Ils se frappèrent à la visière qui était double, et qui, malgré cela, eut peine à résister à une telle furie. Les coups se succèdent l’un après l’autre ; les bottes sont plus serrées que la grêle qui brise et dépouille les branches des arbres, et détruit la moisson désirée. Vous savez si Durandal et Balisarde coupent, et ce qu’elles valent en de telles mains.
Mais ils ne portent pas encore de coups dignes d’eux, tant l’un et l’autre se tiennent sur leurs gardes. C’est Mandricard qui fit la première blessure dont le brave Roger faillit recevoir la mort. D’un de ces grands coups, comme les chevaliers de ce temps savaient en porter, il fend en deux l’écu de son adversaire, lui ouvre la cuirasse, et son glaive cruel pénètre dans sa chair vive.
L’âpre coup glace le cœur dans la poitrine des assistants, dont la majeure partie, sinon tous, manifestaient leurs préférences et leur sympathie pour Roger. Et si la Fortune se prononçait selon le vœu de la majorité, Mandricard serait déjà mort ou prisonnier. C’est pourquoi le coup porté par lui fait frémir tout le camp.
Je crois qu’un ange dut intervenir pour sauver le chevalier de ce coup. Roger, plus terrible que jamais, riposte sur-le-champ. Il dirige son épée sur la tête de Mandricard ; mais l’extrême colère qu’il éprouve soudain le fait se presser tellement, que ce n’est pas sa faute si l’épée ne frappe point du tranchant.
Si Balisarde était retombée droit sur le casque d’Hector, c’est en vain qu’il eût été enchanté. Mandricard fut si étourdi sous le coup, qu’il laissa échapper les brides de sa main. Il inclina trois fois la tête, pendant que Bride-d’Or, que vous connaissez de nom, encore tout ennuyé d’avoir changé de maître, courait tout autour de la lice.

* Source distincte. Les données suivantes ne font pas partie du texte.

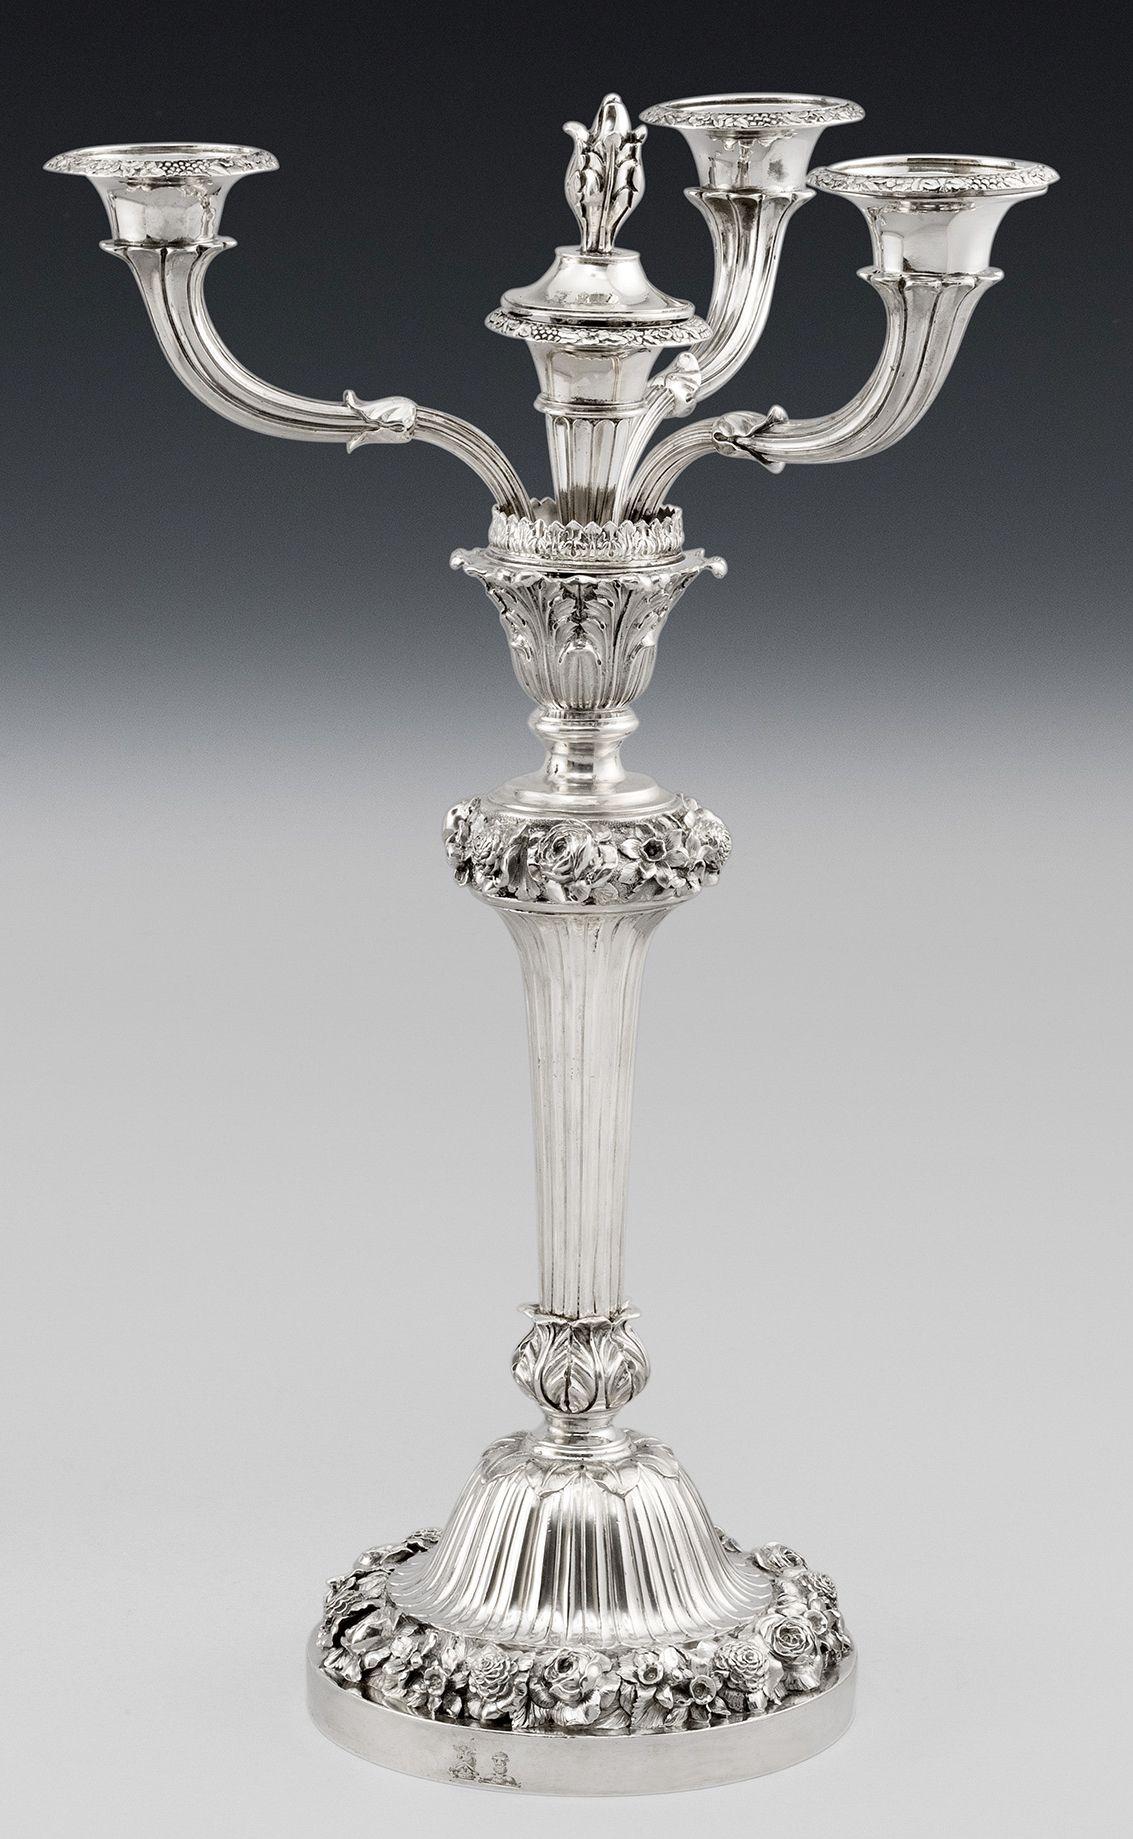 This important pair of George IV sterling silver candelabra are cast, have four lights and were made in London in 1825/26 by Benjamin Smith. The candelabra stand on a very unusual circular base decorated with a very crisp band of flower heads,

Le serpent foulé sous les pieds, ou le lion blessé, n’ont jamais éprouvé une colère, une fureur semblable à celle du Tartare, quand il revint de l’étourdissement où l’avait plongé ce coup d’épée. Sa force et sa vaillance croissent en raison de sa colère et de son orgueil. Il fait faire à Bride-d’Or un bond prodigieux, et revient sur Roger l’épée haute.
Il se lève sur ses étriers et dirige le coup sur le casque de son adversaire et vous croiriez cette fois qu’il va le fendre jusqu’à la poitrine. Mais Roger est plus agile que lui ; avant que le bras du Tartare soit redescendu pour frapper, il lui plonge son épée sous l’aisselle droite, s’ouvrant un passage à travers la cotte de mailles qui la protège.
Il retire Balisarde ruisselante d’un sang tiède et vermeil, amortissant ainsi le coup porté par Durandal. Cependant bien qu’il ait ployé la tête jusque sur la croupe de son cheval, la douleur lui fait froncer les sourcils, et s’il avait eu un casque de moins bonne trempe, il se serait souvenu à jamais de ce coup formidable.
Roger ne s’arrête pas ; il pousse son cheval, et frappe Mandricard au flanc droit. La finesse et la trempe de l’armure de ce dernier ne peuvent rien contre l’épée de Roger qui ne frappe point vainement et qui n’a pas besoin d’autre preuve pour montrer qu’elle est véritablement enchantée, puisque les cuirasses ni les cottes de mailles enchantées ne peuvent résister à ses coups.
Elle taille tout ce qu’elle touche et blesse au flanc le Tartare qui blasphème le ciel et frémit d’une colère telle, que la mer soulevée par la tempête est moins effrayante à voir. Il s’apprête à déployer toutes ses forces ; plein de dédain, il jette loin de lui l’écu sur lequel est peint l’oiseau blanc et saisit son glaive à deux mains.